Skirmishes were reported - an opposition gang was rumoured to be in the area - which may explain why someone began firing a shotgun from MC's car. And yet the whole election had a touch of absurdity to it, given no other candidate had the courage - or possibly the opportunity - to come forward. MC had run unopposed.
I relaxed afterwards at the victory celebrations, which were no less jolly for having been a foregone conclusion. Police in uniform drank beer and one drunkenly fired his pistol in the air.
Mammok was - understandably - protective of MC's reputation and not keen to talk about the occasional need to rely on street violence or the details of a business that, viewed unkindly, was a glorified protection racket.
"The ways of the Caribbeans are not the ways of the Americans," he says when I probed him on the subject. "It has become like a way of life in this part of the world."

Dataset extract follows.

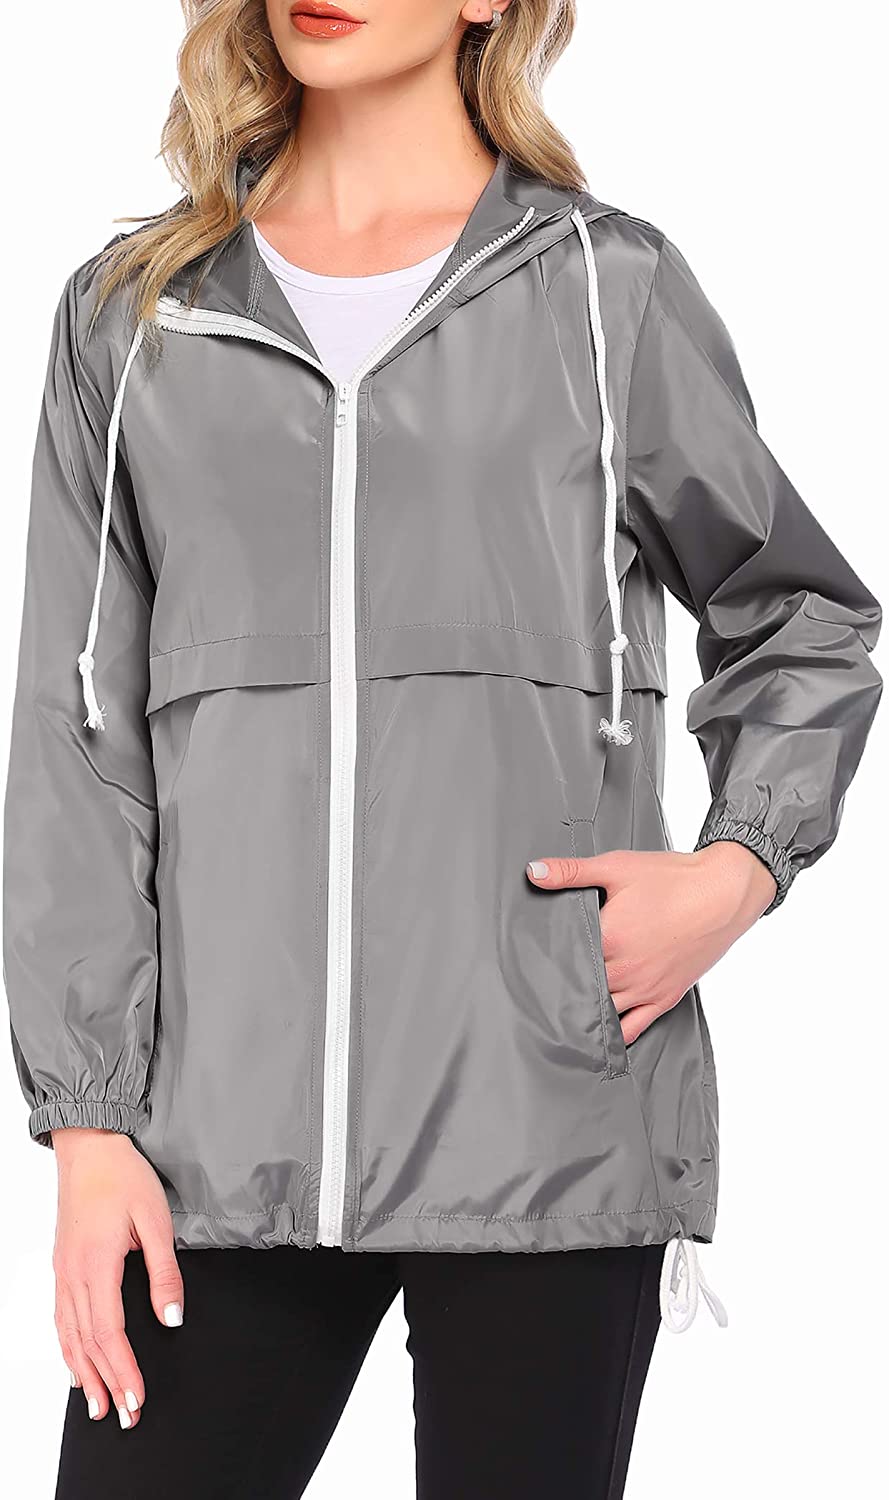 Beyove Womens Waterproof Raincoat Lightweight Rain Jacket Hooded Windbreaker with Pocket for Outdoor

When I asked him if it seemed a good system to him to have someone in charge of an area holding a king-like sway over his private fiefdom, he compared MC with the Queen of England, suggesting MC was not so different.
The truth is, in my time with him, I'd grown oddly fond of MC. Granted, the occasional street brawls and the lack of accountability might be taken as a frightening and perhaps depressing symptom of the weakness of the social contract in Lagos.
But in the absence of dependable police, MC and his boys did actually seem to do the job of keeping law and order - up to a point anyway.
For now it may be that in areas like Oshodi, MC and his brand of area boy-based authority are the best they can hope for.